▸ **What is expected**
Only the lines from the one with "Ford F-150 Truck" to the end of the listing below should be set down, exactly as written and without any pictures.

▸ **Dataset content**

▼

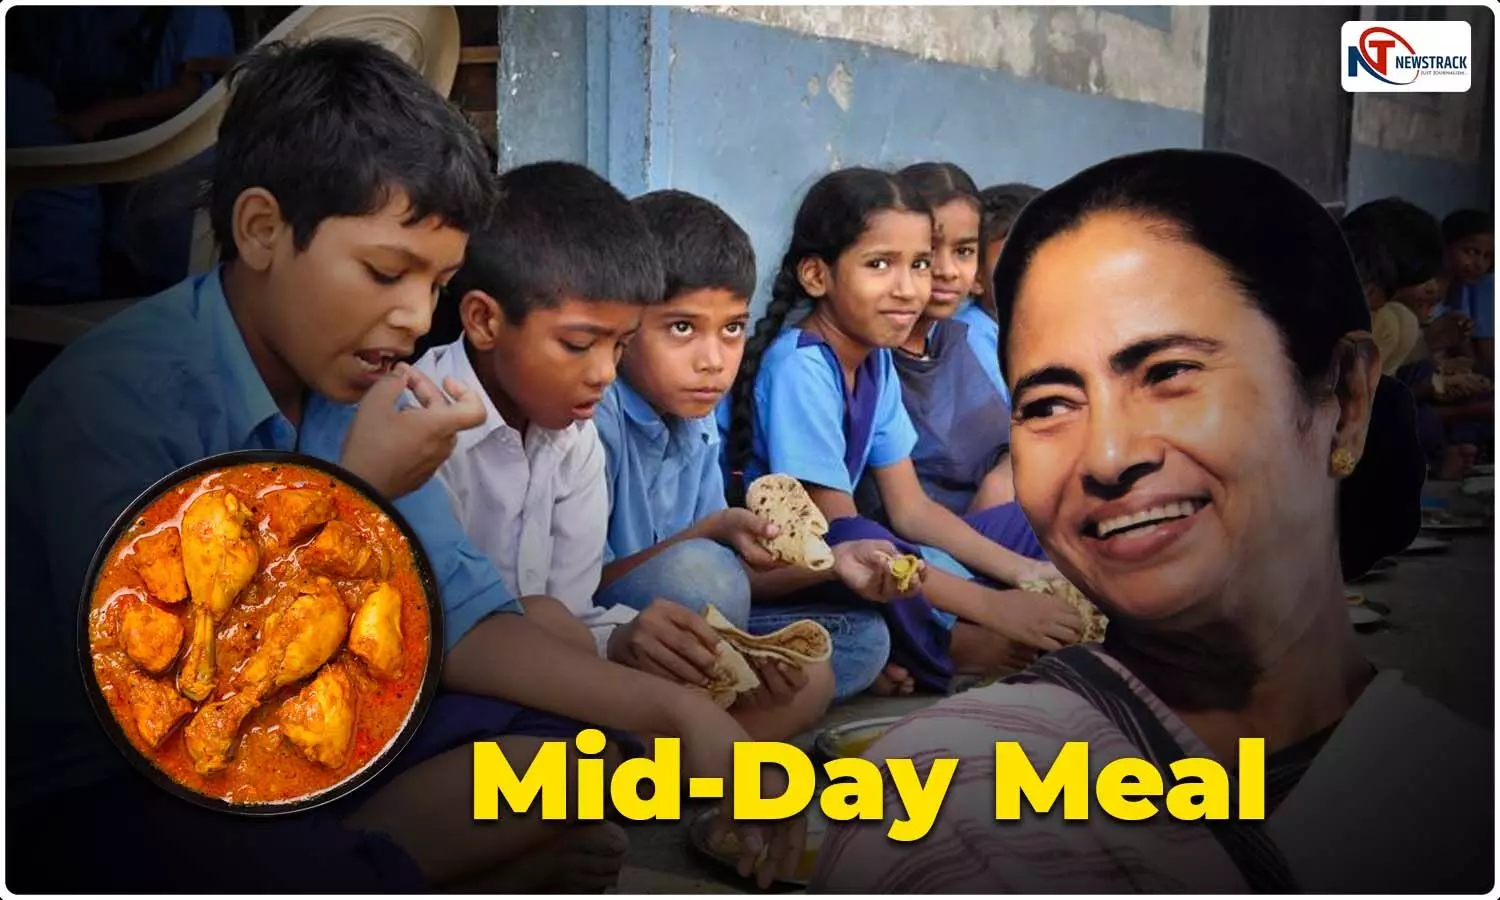 Students get Chicken in Mid Day Meal
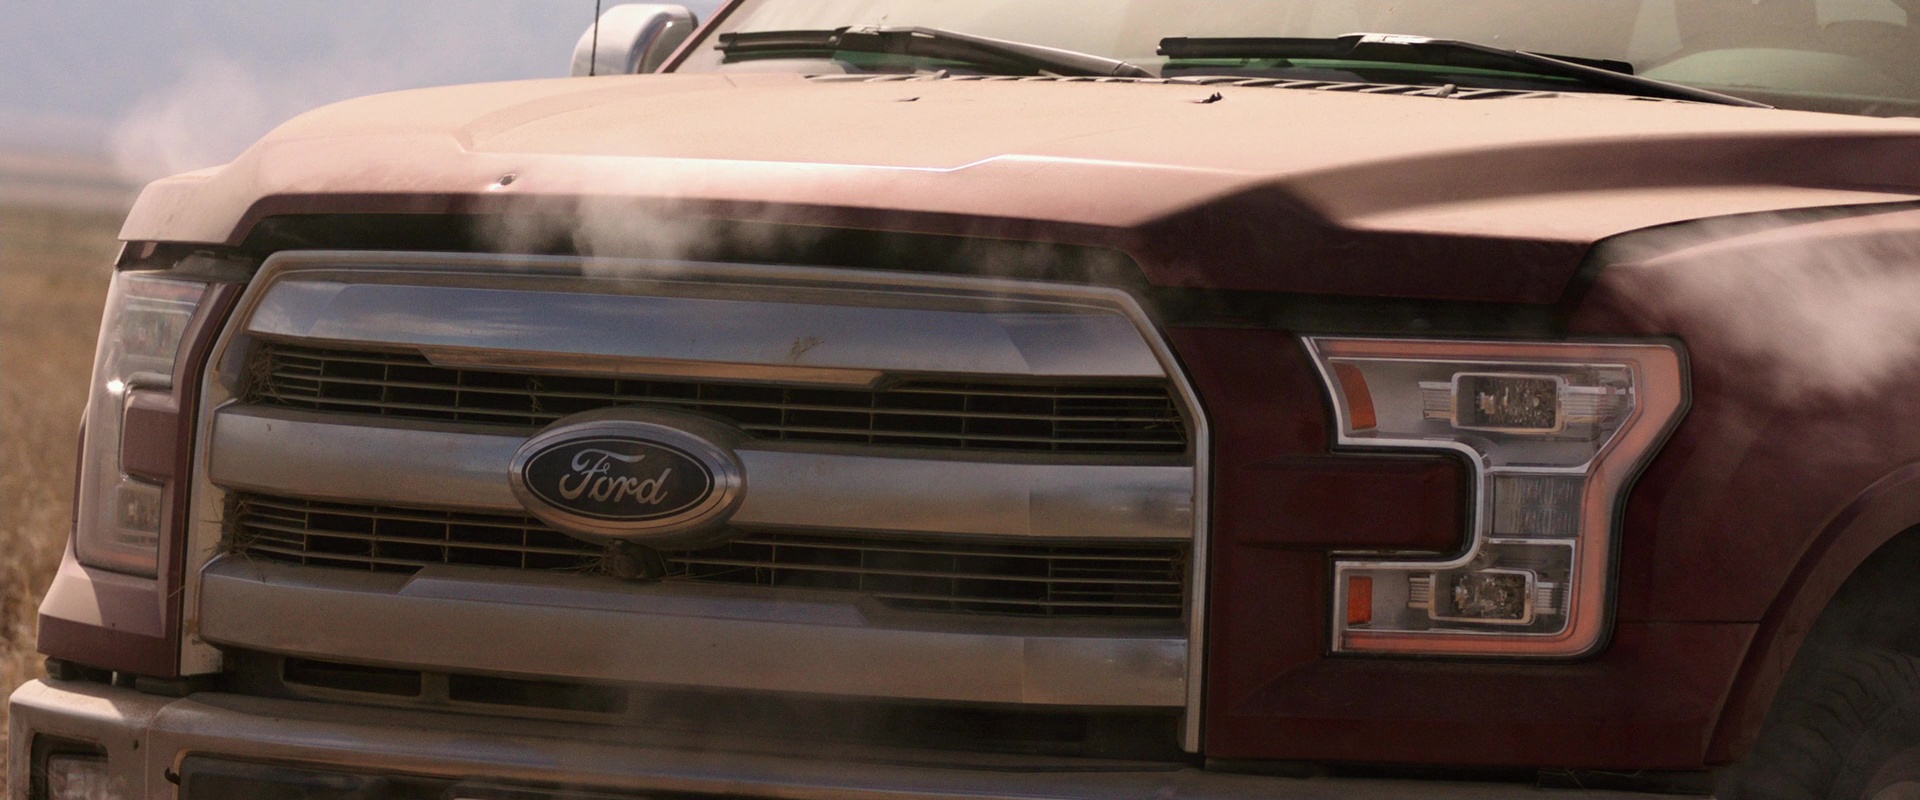 Ford F-150 Truck Used by Tommy Lee Jones in Just Getting Started (2017) Movie1920 x 800
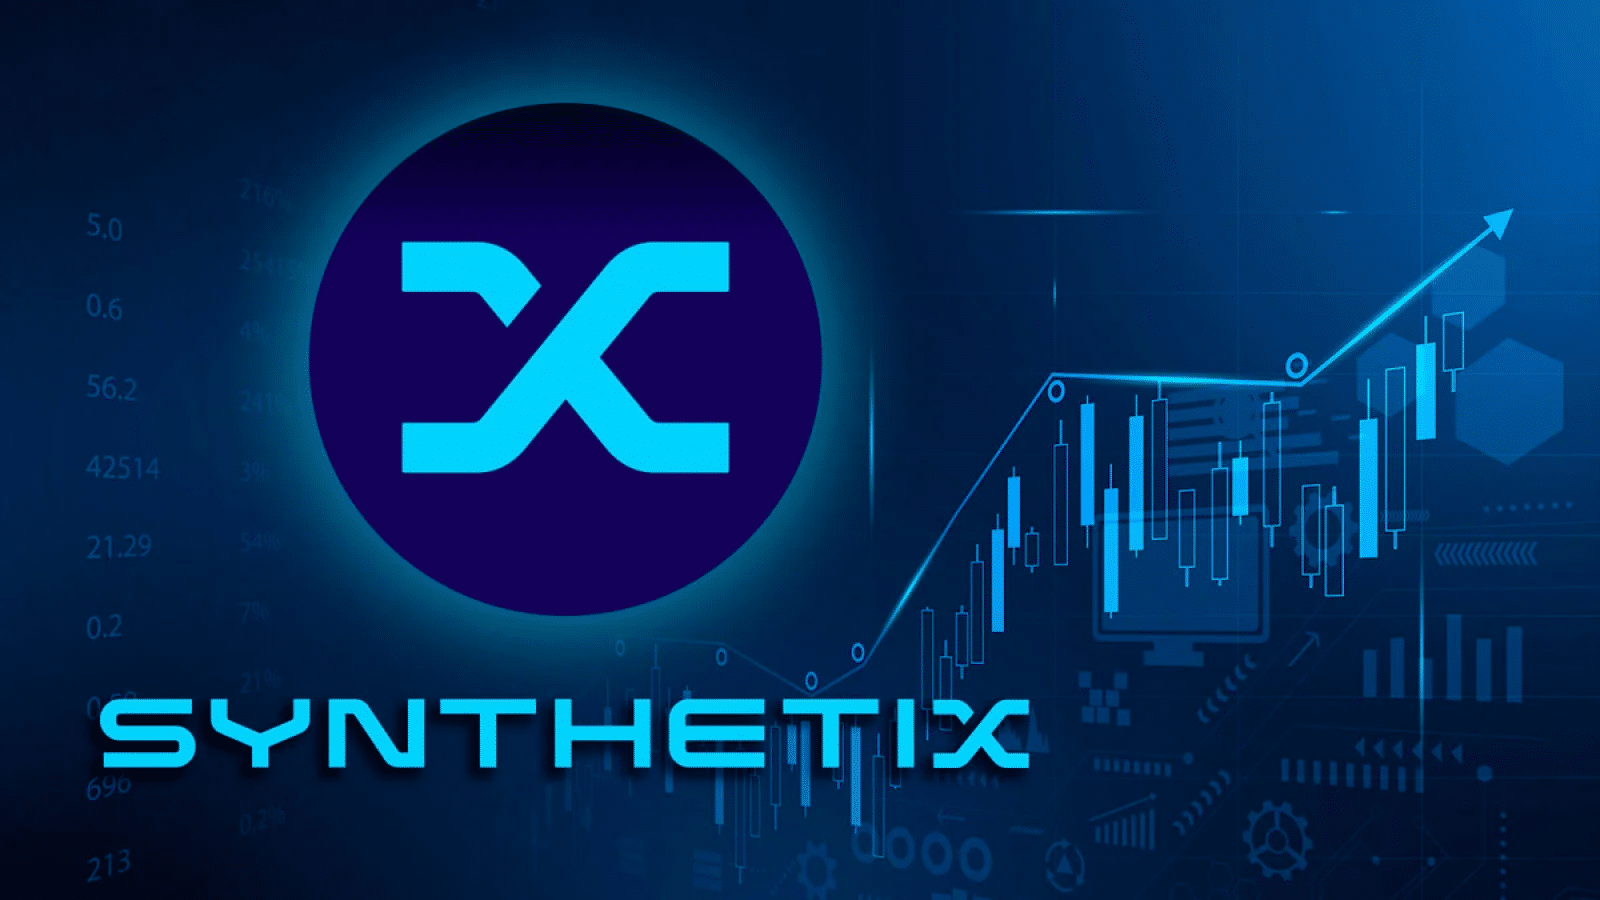 Next Cryptocurrency To Explode Sunday, March 17 – Aave, Synthetix, Conflux

▲

▸ **Result**
 Ford F-150 Truck Used by Tommy Lee Jones in Just Getting Started (2017) Movie1920 x 800
 Next Cryptocurrency To Explode Sunday, March 17 – Aave, Synthetix, Conflux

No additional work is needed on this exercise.